We drove over to Langkawi’s ferry terminal, boarded a boat, and I ended up sitting next to Lenny, a very fat Pom wearing a Battlestar Galactica shirt with tomato sauce stains all down the front. He was a nice bloke, but he did admit one thing - he was here on a sex tour. He’d already been to Thailand and Cambodia, and was having sex with different prostitutes in each place. He even acted out a few of his ‘conquests’, leading me to suspect that the tomato sauce may not have been tomato sauce at all, and was actually the blood of some poor prostitute.

The boat arrived at a gorgeous island in the middle of the ocean, and even as I walked along the boardwalk to the beach, I could see all sorts of weird aquatic creatures splashing around beneath me. Excitement turned to disappointment, however, when I saw that the tour company had set up a dinky little roped-off area for us to swim in. The island itself was adorable, but they’d set aside an area about as big as a basketball court for us to snorkel in, and it had about six fish in it.
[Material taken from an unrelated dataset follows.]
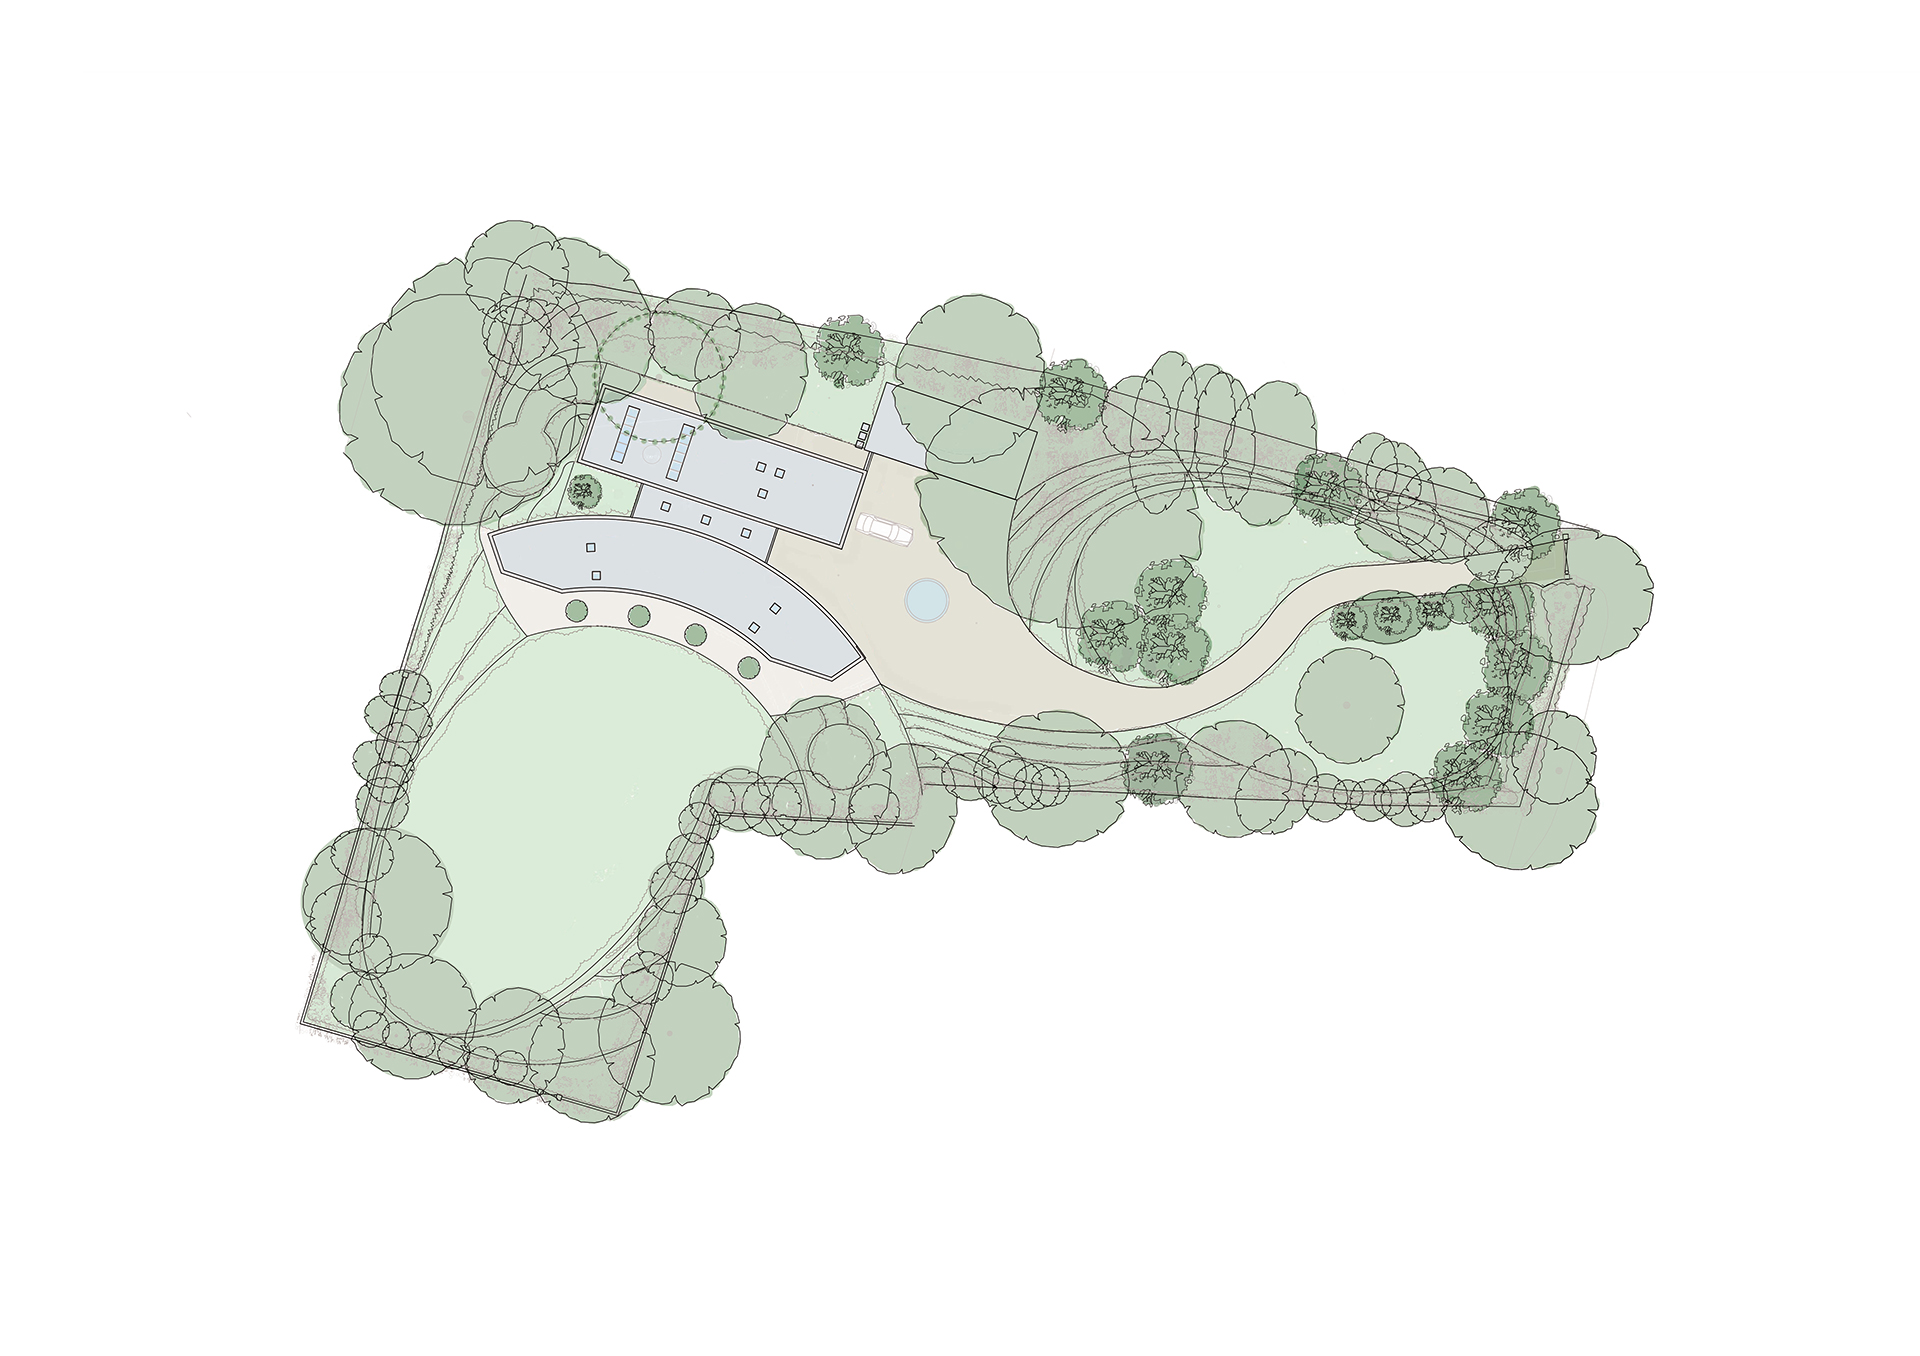 Proposed site plan of site in Poole

So, just as I had at the Great Wall, I broke out of jail and went exploring on my own, and it actually turned out to be a really good adventure. The further away from the ropes I got, the more coral and fish I saw. Angel fish, clown fish, gigantic blue fish, sea cucumbers (no, I’m not talking about my penis) and all sorts of other aquatic abominations fluttered around me. I made it to the other side of the island and it was like I was the only person on the planet. At one point, thousands of tiny silver fish raced in a circle around me, and it was truly magical. I even found a secluded little beach to explore!

I barely made it back in time for lunch, then set out to go even further around the island. There were even more fish of every description, and I had a grand time hovering around and taking photos of them. It was exactly what I had come for, and yet more proof that it’s never a good idea to stick to the rules.
After chasing a bright red fish for a good 10 minutes, I checked my camera and saw that it was 2:52, and the boat was pissing off at three. And I don’t think Malaysian tour operators really give a shit whether they leave someone behind or not.

With visions of being left on the island to be eaten by savages (and not in the good way), I cranked the engines and absolutely belted it back to the beach. Seriously, the Thorpedo would’ve been proud of me. I looked up to see the last tourist climbing from the pier onto the boat, but there was still 100 or so metres between me and the shore. I put my head down and zoomed along faster than Michael Phelps on speed and hit the beach, then raced along the jetty just as the boat was pulling out. One of the guides was yelling out, “You too late! We see you tomorrow!” but he didn’t know that, if need be, I’m also a world-beating long jumper. I launched myself off the end of the pier, cleared about seven metres of water, and came crashing down on top of a fat bloke on the deck of the boat. I’d made it, and from the look on the fat bloke’s face, I’d made his day, too.

On the way back I had another chat to Lenny, who asked if I was keen to “Go halvsies” with him in a hooker, and told him I’d have to give it a miss! Good bloke, that Lenny.

After getting dropped off, I had a short nap, snapped some photos of the sunset (and ‘accidentally’ managed to get some photos of a topless Malaysian sheila in there) and then had dinner at a beachside restaurant next to the one I’d visited the night before. You know, the one where the chef poisoned me for making a witty comment to his girlfriend, only for me to go back a few hours later and shit and spew all over their tables as revenge. As I tucked into my calamari rings and sipped on my cocktail, they stood a few metres away, shaking their fists and yelling at me in a language I couldn’t understand. I just raised my glass and blew them a loud raspberry, which made the chef take off his silly white hat, chuck it on the ground and step on it angrily.
And that was the end of my trip to Langkawi.